There are some conditions that the system cannot recognize a person, such as when a person wears a mask or sunglasses or faces and investigates different points of view. Fig. 11 illustrates some of the examples of recognizing as non-family.

images

Figure 11: Face recognition results recognized as non-family members

5  Conclusion and Future Work

In this study, we suggested a system that simplifies the mobility of VIP, and it can be beneficial in food crop detection and face recognition for VIPs’ daily lives. Our model has gained 83.27% mAP in object detection and over 95% accuracy in face recognition, which are reasonably decent results. This research is anticipated to help to improve blind people’s lives by making them able to “see” their surroundings. In future developments of this system, the integration of voice commands and audio feedback will be considered to enhance the user experience. This addition aims to make the application more intuitive and accessible, allowing users to interact with the system using natural language commands and receive auditory information about their surroundings. The future scope in object detection will be counting the number of objects in the frame and calculating the distance between a user and a thing to give more precise information to the user. There is also potential to expand the range of detectable objects to include various household items, further aiding in everyday tasks. The face recognition system can be improved by life-long learning when a new person introduces oneself. In such a scenario, a new person will tell one’s name, and the system will save his photo and name from learning the face’s alignments for future use.
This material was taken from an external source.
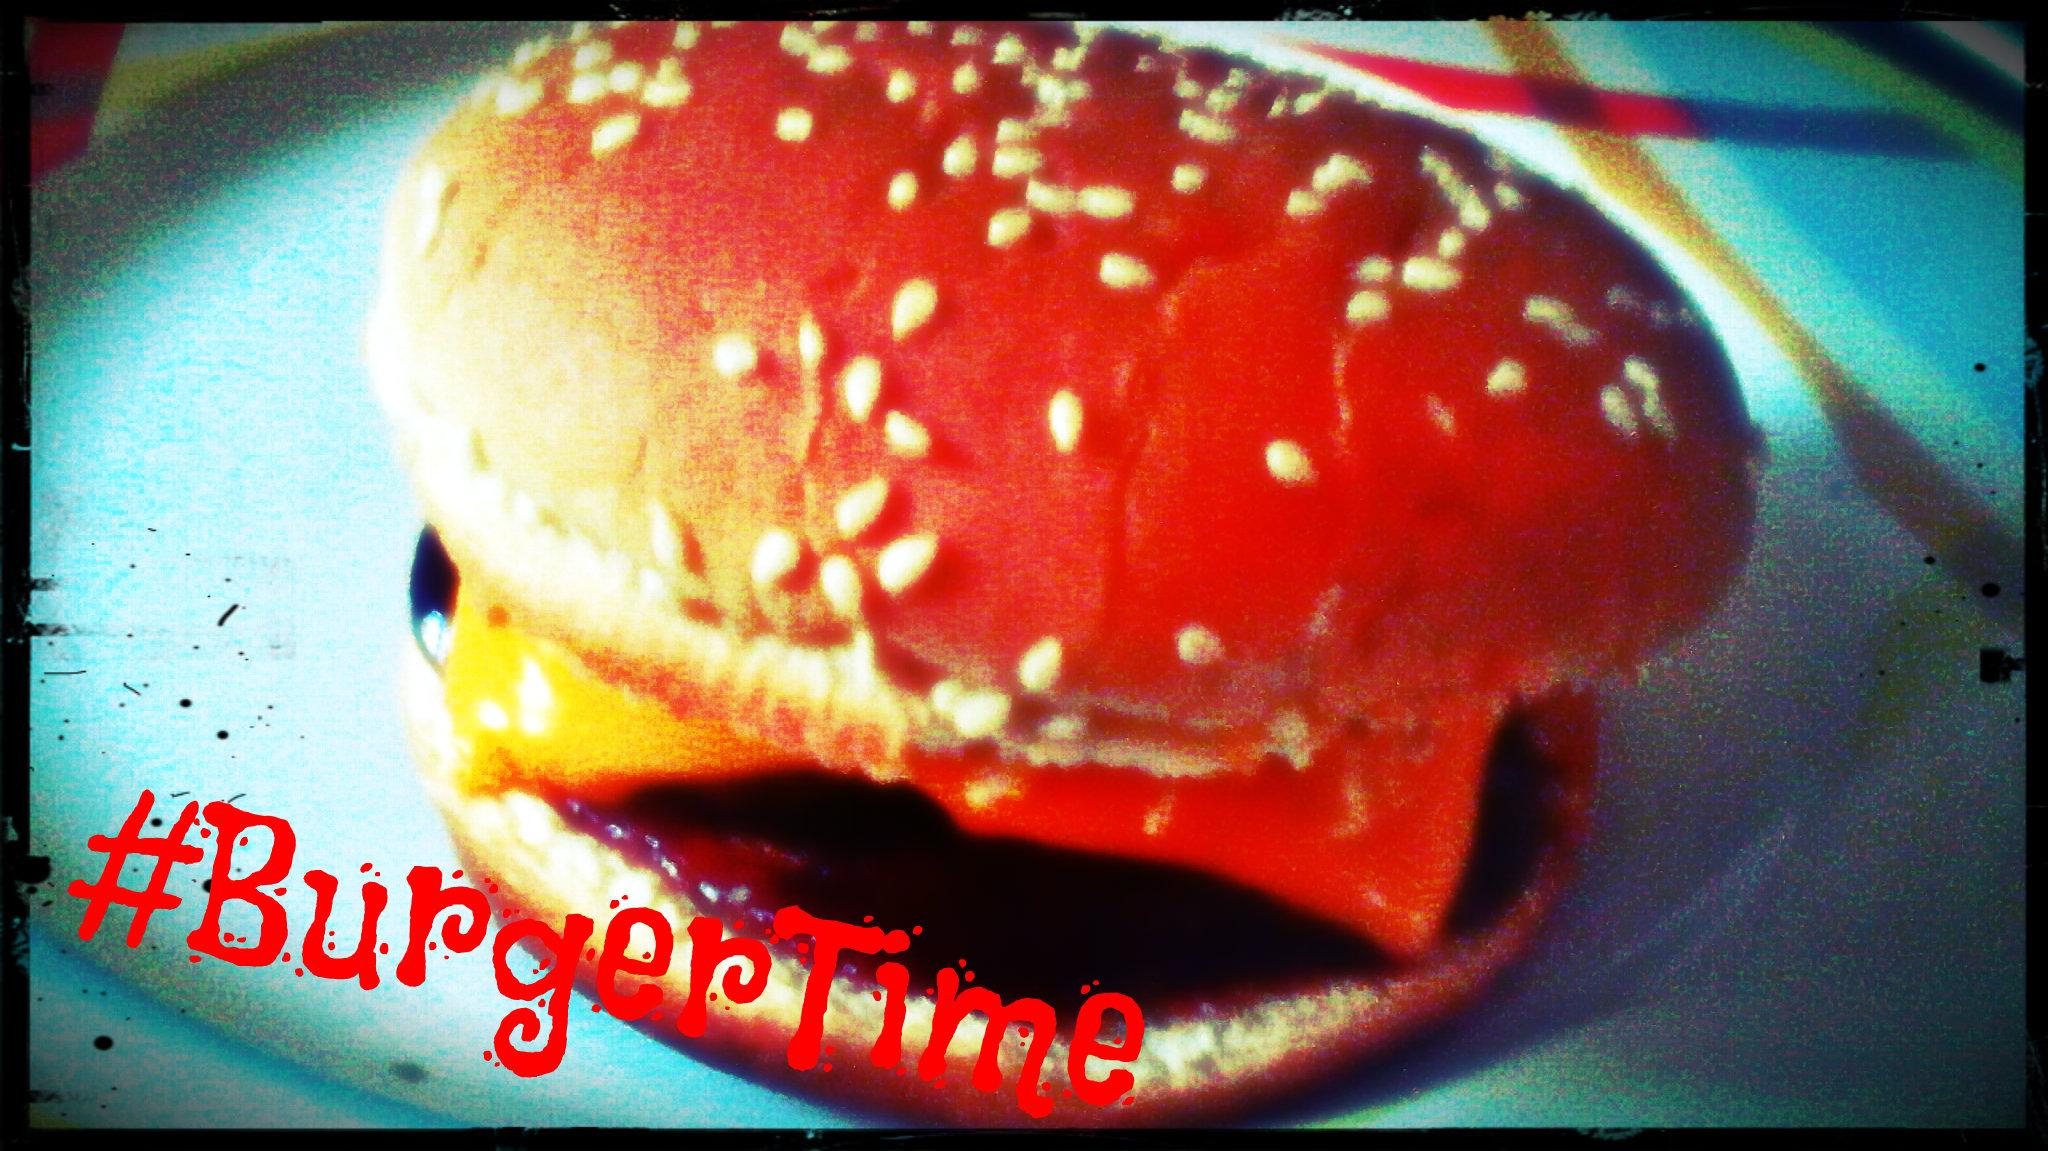 Selbstgemachter Cheeseburger auf Teller, mit dem Hashtag BurgerTime

Acknowledgement: Not applicable.

Funding Statement: This work was partially supported by the Korea Industrial Technology Association (KOITA) Grant Funded by the Korean government (MSIT) (No. KOITA-2023-3-003). Also, this research was partially supported by the MSIT (Ministry of Science and ICT), Korea, under the ITRC (Information Technology Research Center) Support Program (IITP-2024-2020-0-01808) Supervised by the IITP (Institute of Information & Communications Technology Planning & Evaluation).

Author Contributions: The authors confirm their contribution to the paper as follows: Study conception and design: Heechul Jung, Sookhee Ryue; data collection: Soyoun Bang, Sookhee Ryue; analysis and interpretation of results: Heechul Jung, Soyoun Bang, Karshiev Sanjar; draft manuscript preparation: Karshiev Sanjar; supervisor of this research work: Heechul Jung. All authors reviewed the results and approved the final version of the manuscript.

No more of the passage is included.